Travel : A crowded West, lonesome because ..

Your journey is never over until you return from it to share with society what you have learned. Then and only then can you begin your next journey in life as the process repeats itself, as you constantly “become.” – Robert Ballard



Insert 1991 Vanagon here.

We’re rerouted back north to Everett – 34 minutes the LED traffic sign says – I recall all at once that I hate the traffic out here something fierce. The gridlock breaks a little bit – can’t believe I’m back on yet another bus – I couldn’t escape that means of transit for long.


A man from Arkansas and I strike up a conversation and talk – something about this environment as travelers is keen for conversation but outside these windows, the environment of humanity is not for me, right now.

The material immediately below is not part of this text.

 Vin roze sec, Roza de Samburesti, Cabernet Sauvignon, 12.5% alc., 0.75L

I don’t know if it is because I am still balancing in some sort of emotional claw-back where slight harmonic disturbances seem to upset me, something gnaws away at me about this place – but not the person next to me.

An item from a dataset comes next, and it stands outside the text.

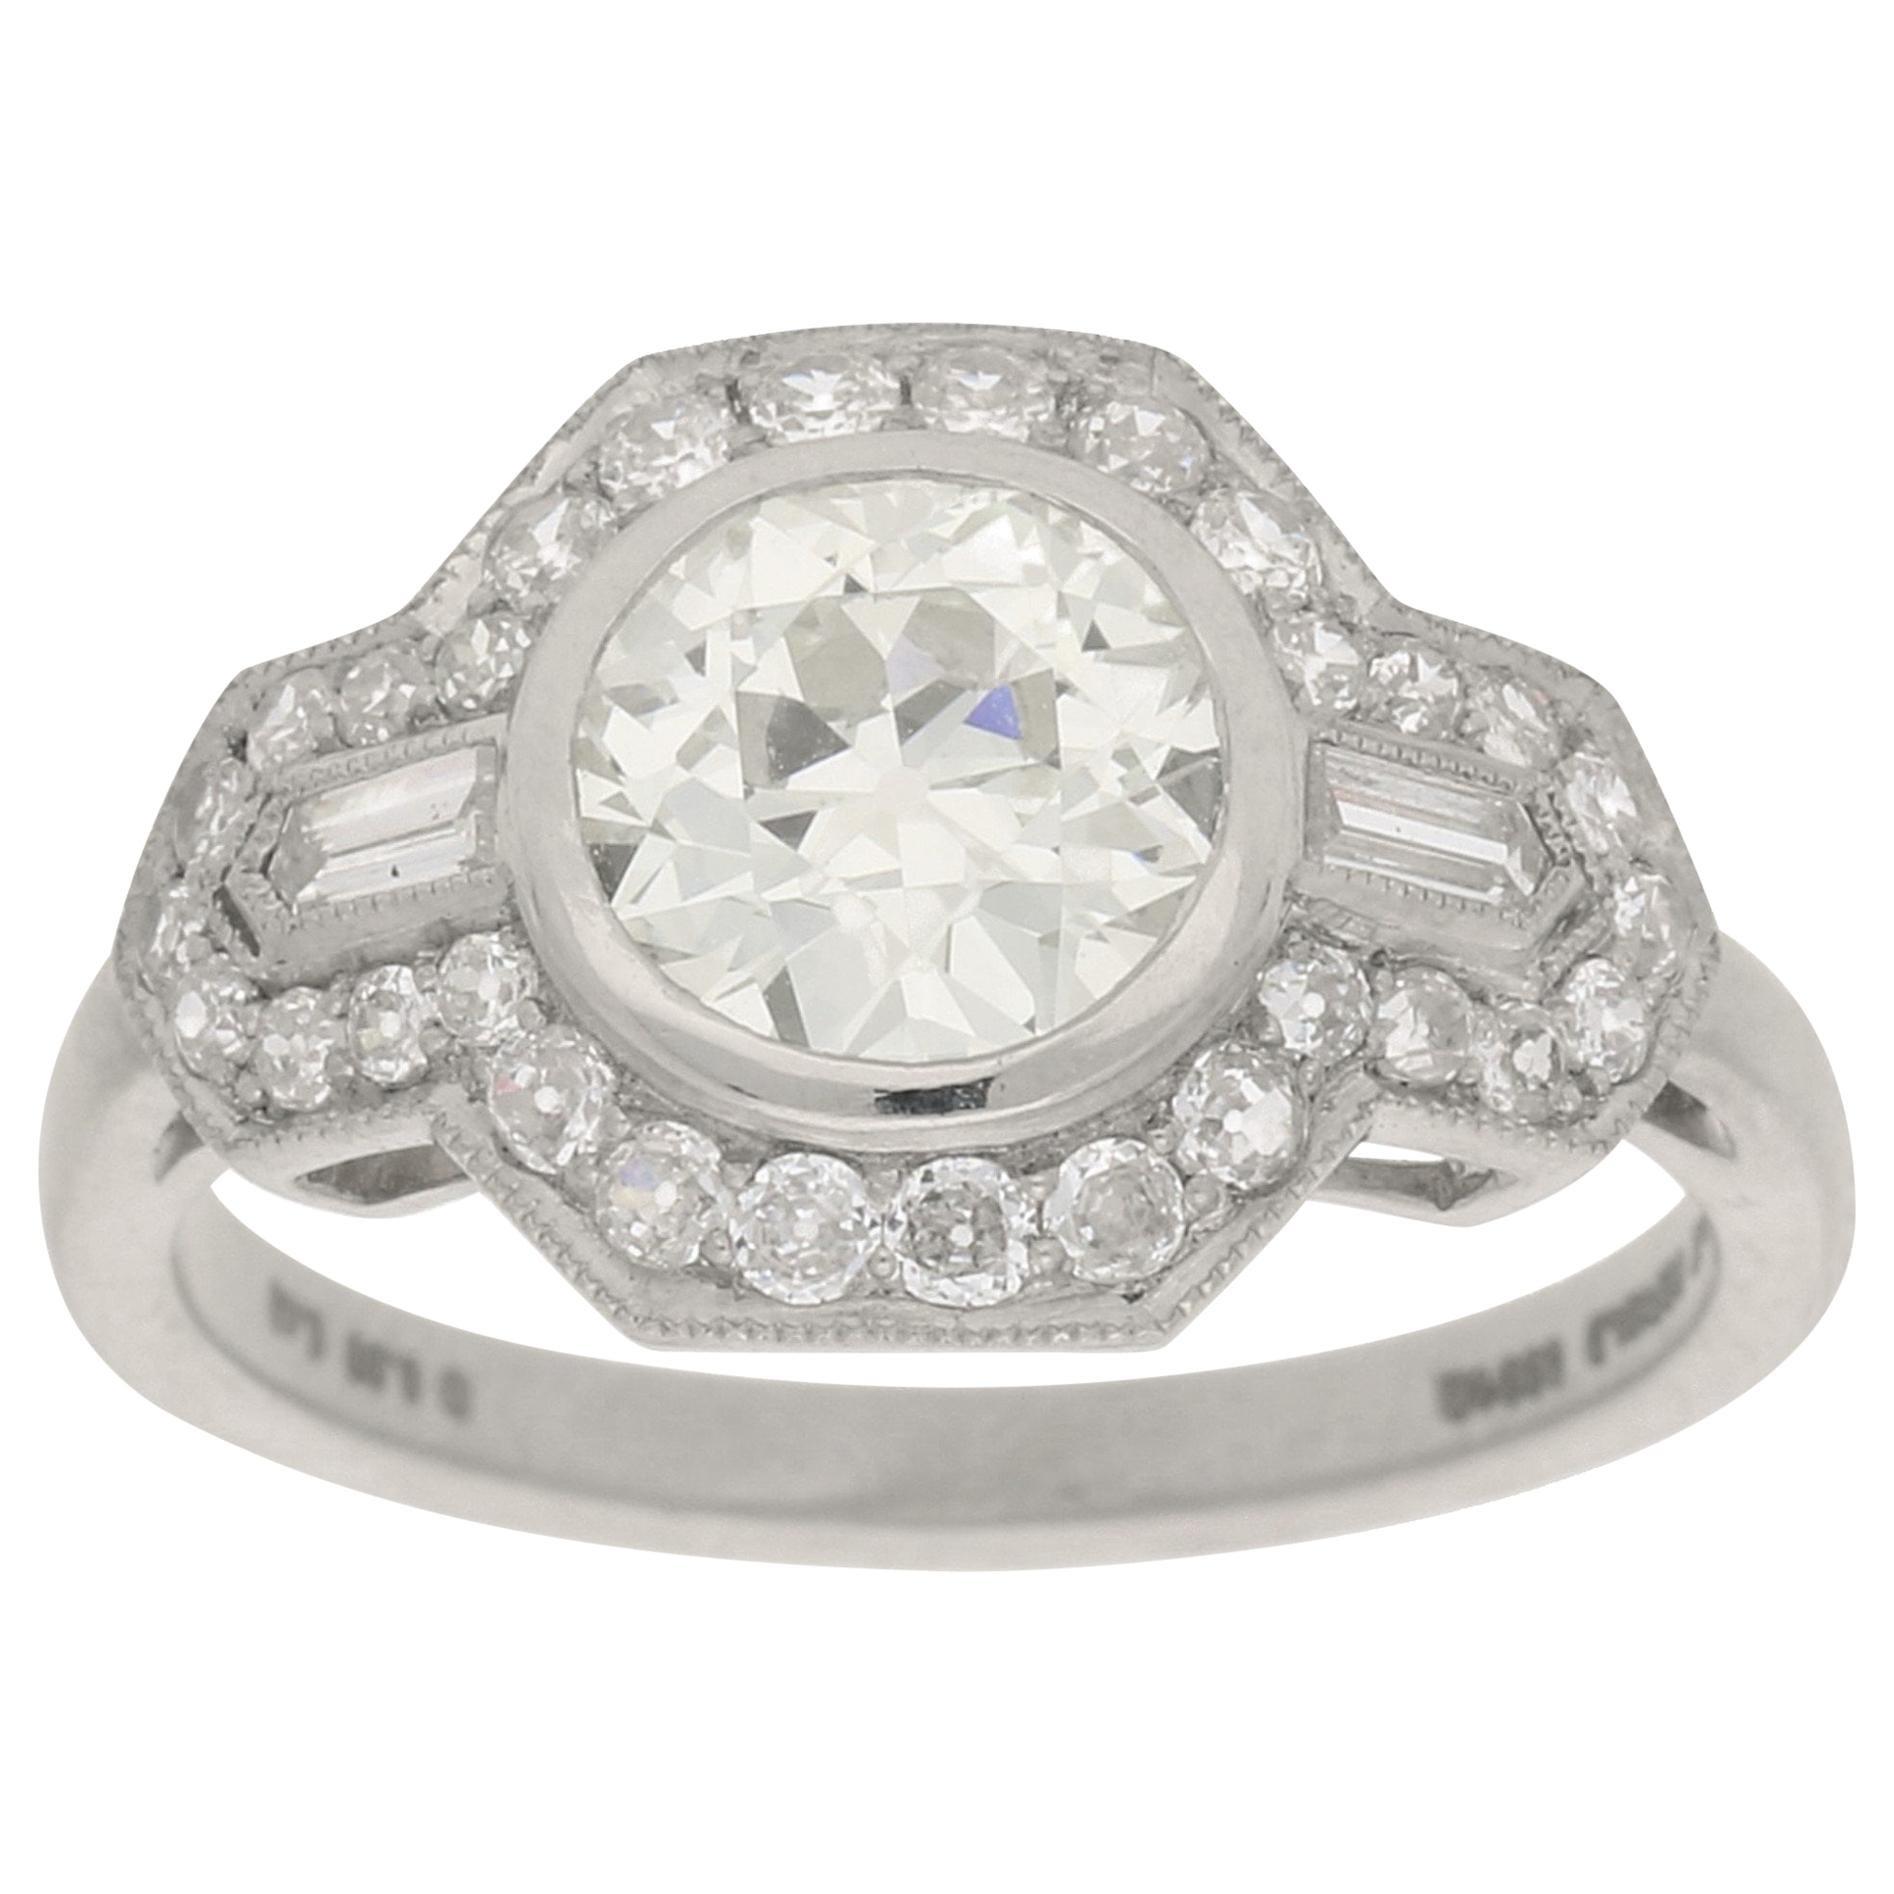 Art Deco Inspired Old European Cut Diamond Engagement Ring Set in Platinum

A crowded West, lonesome - the way of properly "becoming" here, as Ballard wrote, for me is thwarted while walking around, its something about age here, I do not seem to know how old people are but they seem to know me and use it in a micro-capricious glance when on the street.

The judging 33 year old Subaru outback (2005 model year) wagon driving Washington plate new REI rainjacket insert hyphens between all words maybe yoga pants type that are probably nice people and probably make 68,000 per year so just barely enough for Seattle or so I’m told but look like they do and it is that something that I cannot yet seem to explain to anyone when I go about describing my love for Vancouver and Coastal BC but melancholy for Seattle.

The train begins rolling at 18:30 PST – we’re paralleling Highway 2 through the misty Cascades, with its rushing rivers as darkness comes in the mountains – so many green rushing bubbles.

I’ve secured a ride in the morning by phone; “I’m back in your country,” I tell T.B, and “second favorite state.”

He knows it – a place where trees grow tress out of them as defiance to the logging companies that harvested the Douglas fir many years prior.

Pillow distribution and the rivers, they aren’t high, riffle pools are formed and the rocks along banks are evident … we roll through Wenatchee before most fall asleep.